◆ Work instruction ◆
Please print exactly the line containing "XINGBAO ZHONG HUA" and every line after it to the end of the records below, and nothing more.

[Dataset items]
# # #

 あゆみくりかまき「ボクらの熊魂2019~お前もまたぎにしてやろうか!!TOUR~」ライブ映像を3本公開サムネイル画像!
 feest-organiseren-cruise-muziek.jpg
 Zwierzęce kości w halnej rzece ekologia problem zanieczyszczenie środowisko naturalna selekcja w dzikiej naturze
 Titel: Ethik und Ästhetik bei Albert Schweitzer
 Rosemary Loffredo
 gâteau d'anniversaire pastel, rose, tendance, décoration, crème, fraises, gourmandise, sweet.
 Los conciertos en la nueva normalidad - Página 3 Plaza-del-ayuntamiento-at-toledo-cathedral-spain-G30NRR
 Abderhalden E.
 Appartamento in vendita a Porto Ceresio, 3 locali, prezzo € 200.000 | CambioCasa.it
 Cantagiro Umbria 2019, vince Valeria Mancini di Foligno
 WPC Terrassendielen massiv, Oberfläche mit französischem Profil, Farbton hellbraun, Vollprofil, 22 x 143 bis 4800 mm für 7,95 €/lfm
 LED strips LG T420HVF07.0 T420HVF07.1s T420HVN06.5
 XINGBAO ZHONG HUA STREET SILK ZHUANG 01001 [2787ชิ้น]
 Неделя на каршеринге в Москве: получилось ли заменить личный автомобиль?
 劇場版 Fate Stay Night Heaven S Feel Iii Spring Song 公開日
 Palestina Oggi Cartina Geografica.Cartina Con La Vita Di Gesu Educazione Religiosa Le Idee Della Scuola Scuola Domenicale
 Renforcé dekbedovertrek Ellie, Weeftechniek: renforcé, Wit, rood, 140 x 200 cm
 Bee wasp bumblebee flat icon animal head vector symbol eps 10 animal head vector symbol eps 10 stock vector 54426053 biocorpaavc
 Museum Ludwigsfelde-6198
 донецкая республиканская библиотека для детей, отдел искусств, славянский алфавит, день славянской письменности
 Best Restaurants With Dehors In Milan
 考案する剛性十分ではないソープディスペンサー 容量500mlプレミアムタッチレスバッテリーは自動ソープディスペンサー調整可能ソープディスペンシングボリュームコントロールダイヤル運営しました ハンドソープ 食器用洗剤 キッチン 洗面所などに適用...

# # #

◆ Worked solution ◆
 XINGBAO ZHONG HUA STREET SILK ZHUANG 01001 [2787ชิ้น]
 Неделя на каршеринге в Москве: получилось ли заменить личный автомобиль?
 劇場版 Fate Stay Night Heaven S Feel Iii Spring Song 公開日
 Palestina Oggi Cartina Geografica.Cartina Con La Vita Di Gesu Educazione Religiosa Le Idee Della Scuola Scuola Domenicale
 Renforcé dekbedovertrek Ellie, Weeftechniek: renforcé, Wit, rood, 140 x 200 cm
 Bee wasp bumblebee flat icon animal head vector symbol eps 10 animal head vector symbol eps 10 stock vector 54426053 biocorpaavc
 Museum Ludwigsfelde-6198
 донецкая республиканская библиотека для детей, отдел искусств, славянский алфавит, день славянской письменности
 Best Restaurants With Dehors In Milan
 考案する剛性十分ではないソープディスペンサー 容量500mlプレミアムタッチレスバッテリーは自動ソープディスペンサー調整可能ソープディスペンシングボリュームコントロールダイヤル運営しました ハンドソープ 食器用洗剤 キッチン 洗面所などに適用...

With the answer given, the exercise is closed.